Mouhamed Harfouch e Natan Rod: a intensa movimentação dos atores no palco é marcada por requebros do frevo, que enriquecem a texto

Critica publicada em O Globo, Rio Show
Por Mànya Millen – Rio de Janeiro – 02.03.2002Barra

A Menina que Perdeu o Gato enquanto Dançava Trevo na Terça-feira de Carnaval: Simplicidade vira trunfo

Muito humor com enredo mínimo

A brincadeira já começa no título, grande, do tipo que deixa o público com a pulga atrás da orelha, caraminholando sobre o conteúdo do espetáculo. A brincadeira é descobrir também que A Menina que Perdeu o Gato enquanto Dançava Trevo na Terça-feira de Carnaval, peça em cartaz no Teatro Sesi, resume-se em seu próprio título: é exatamente e somente a história de uma menina que perdeu o gato enquanto dançava frevo numa terça-feira de carnaval. Sem mais nem menos. Sendo que menos, nesse caso, é um dos trunfos da peça.

Com esse mínimo de enredo, mas esbanjando humor, cor e muita música, a Companhia Pop de Teatro Clássico consegue contagiar a plateia ao ritmo contagiante do frevo, tirando partido da simplicidade do texto (de Marcos Apolinário Santana) e procurando centrar forças no desempenho do elenco.

A história é perfeita para explorar as conhecidas figuras carnavalescas e do teatro popular: o palhaço, o homem fantasiado de alma penada, o guarda, a velha ranzinza… O espetáculo começa como um teatro de fantoches, onde o narrador, o palhaço Teme-treme (Geraldo Demezio), anuncia a história. Logo depois os atores em carne e osso começam a surgir de trás do grande tecido florido que serve como cenário para bonecos, dançando e trazendo na mão, em forma de fantoche-luva, seu próprio personagem.

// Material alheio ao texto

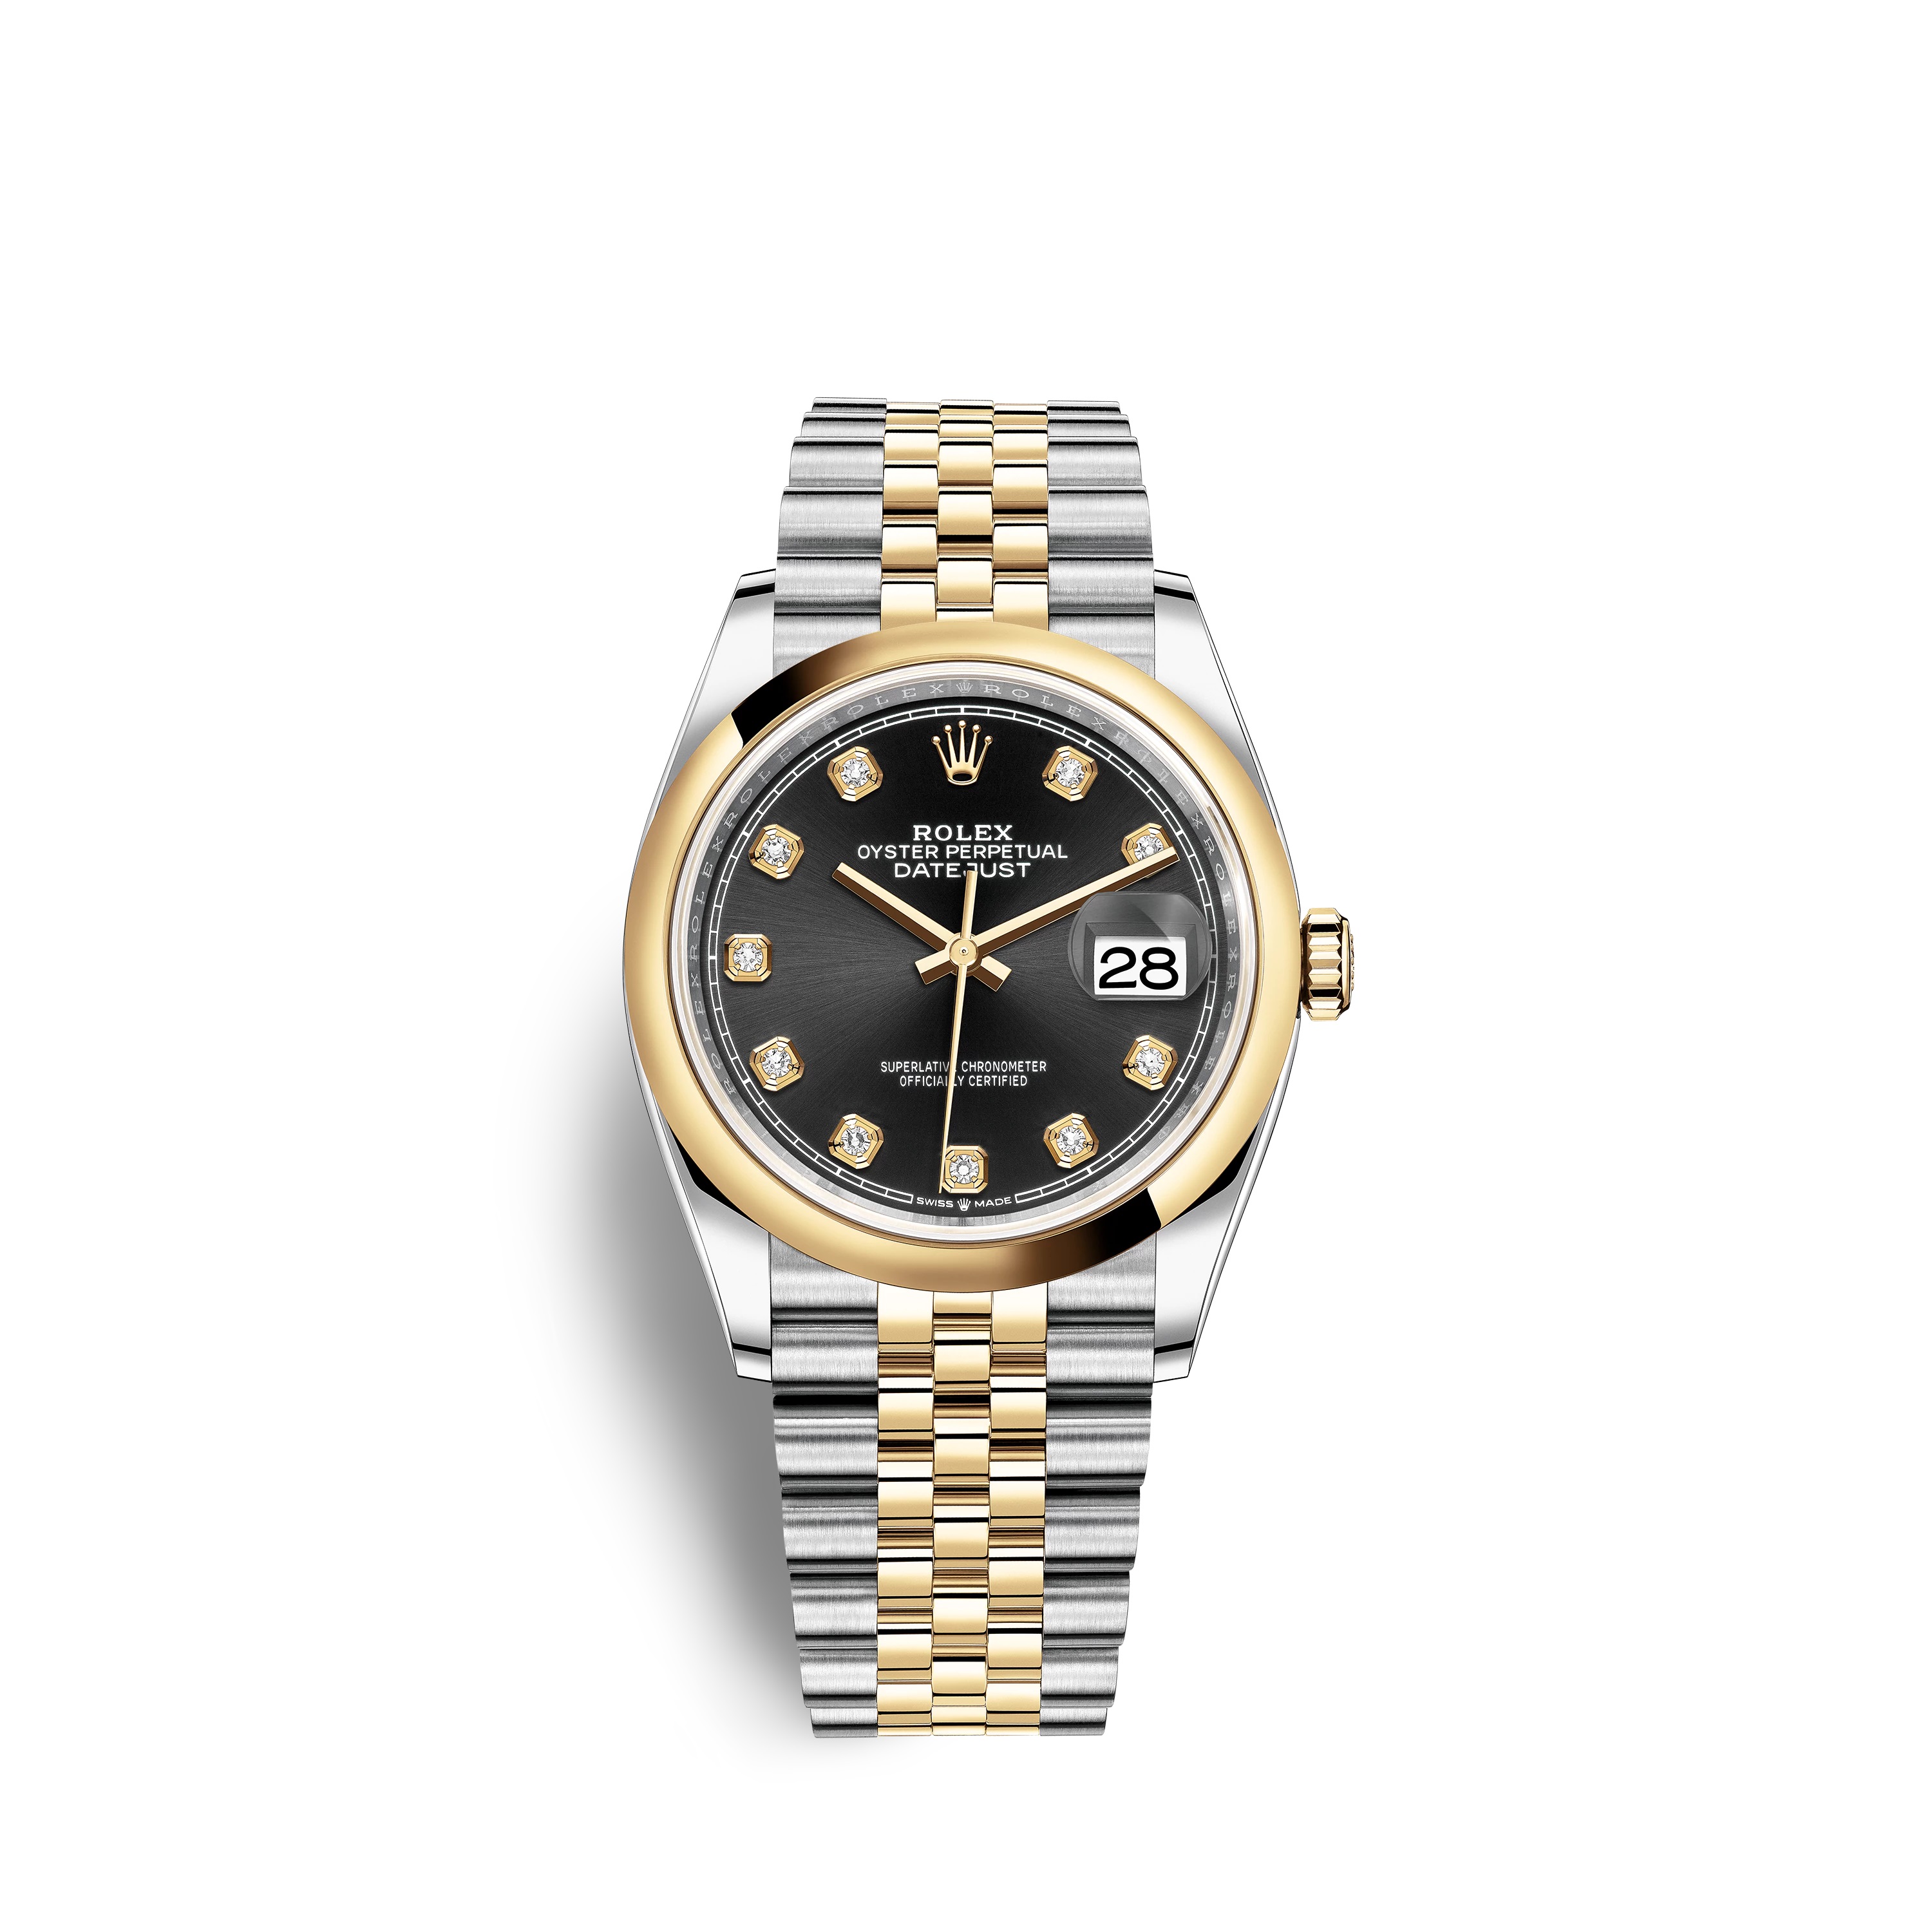 Datejust 36 126203 Gold & Stainless Steel Watch (Black Set with Diamonds)
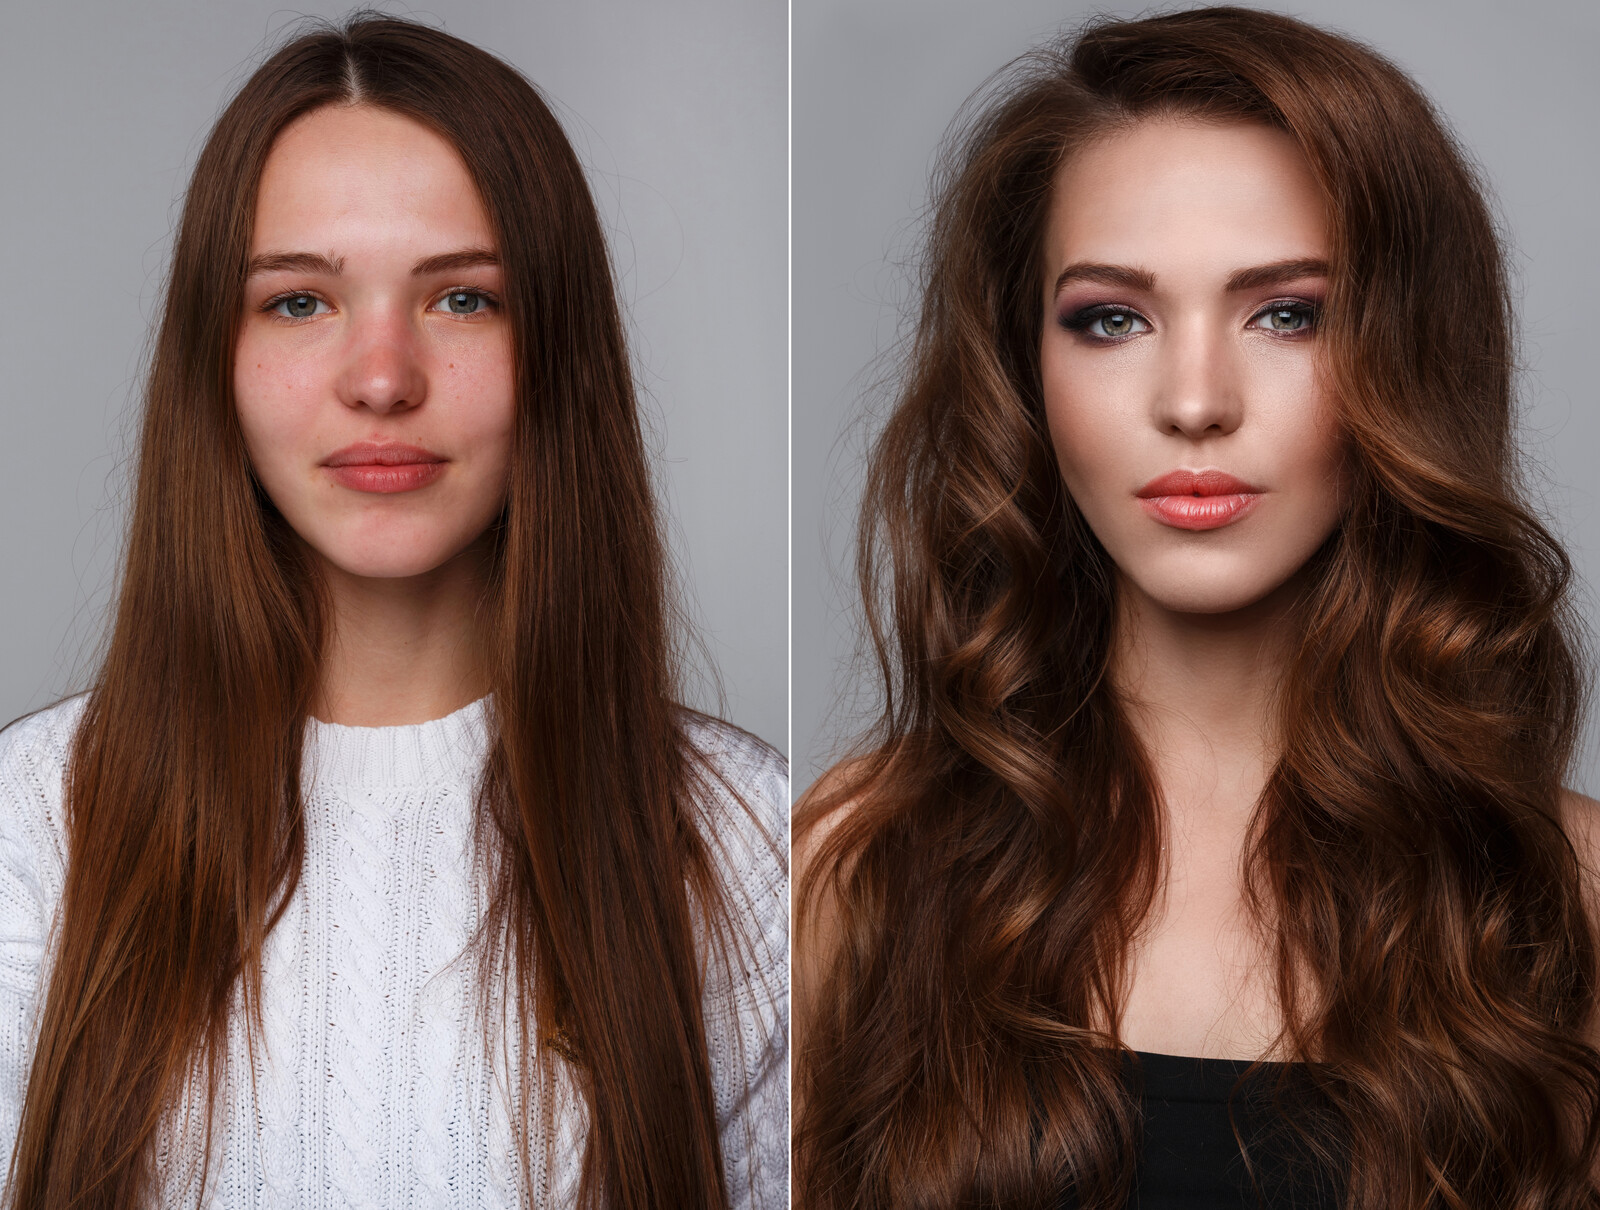 woman before and after photoshoot and photoshop

Ao longo do espetáculo, atores e seus fantoches – que funcionam mais como uma gracinha cênica, sem nenhum demérito – dividem a cena. A direção de Demétrio Nicolau é segura e consegue equilibrar bem os dois pontos de narrativa.

Casamento coreográfico entre texto e atores

A preparação corporal de Nara Keiserman é, talvez, o grande e feliz destaque da peça: toda a intensa movimentação dos atores no palco é marcada pelos passos de frevo. Não há uma só palavra dita que não seja acompanhada por um requebro específico, gerando um divertido casamento coreográfico entre texto e atores que enriquecem graciosamente o roteiro.

Embalado por este intenso balé, o espetáculo vai mostrando a história de Maria (Cristina Furtado), a irrequieta dona de um gato (Natan Rod) que está doida para cair no frevo em Olinda e não tem com quem deixar o bichano.

Incentivada pelo amigo Patativa (Fábio Spinardi) outro folião inveterado, ela acaba levando o gato para a rua e aí a confusão começa… Para dançar, ela deixa o bichano com o amigo. Que para dançar, repassa o bicho a um palhaço (Alesio de Castro), que o repassa a um outro folião vestido de alma penada (Thales Coutinho), que o presenteia a um guarda (Mouhamed Harfouch), que por sua vez o despacha com uma velhinha ranzinza (Karla de Martins). Tudo acaba em pancadaria e gritaria, no melhor estilo pastelão do teatro de mamulengo.

Os bons atores exploram seus personagens no limite máximo da caricatura, abusando de caretas e trejeitos. Apesar de algumas cenas desnecessariamente esticadas, o conjunto funciona harmoniosamente.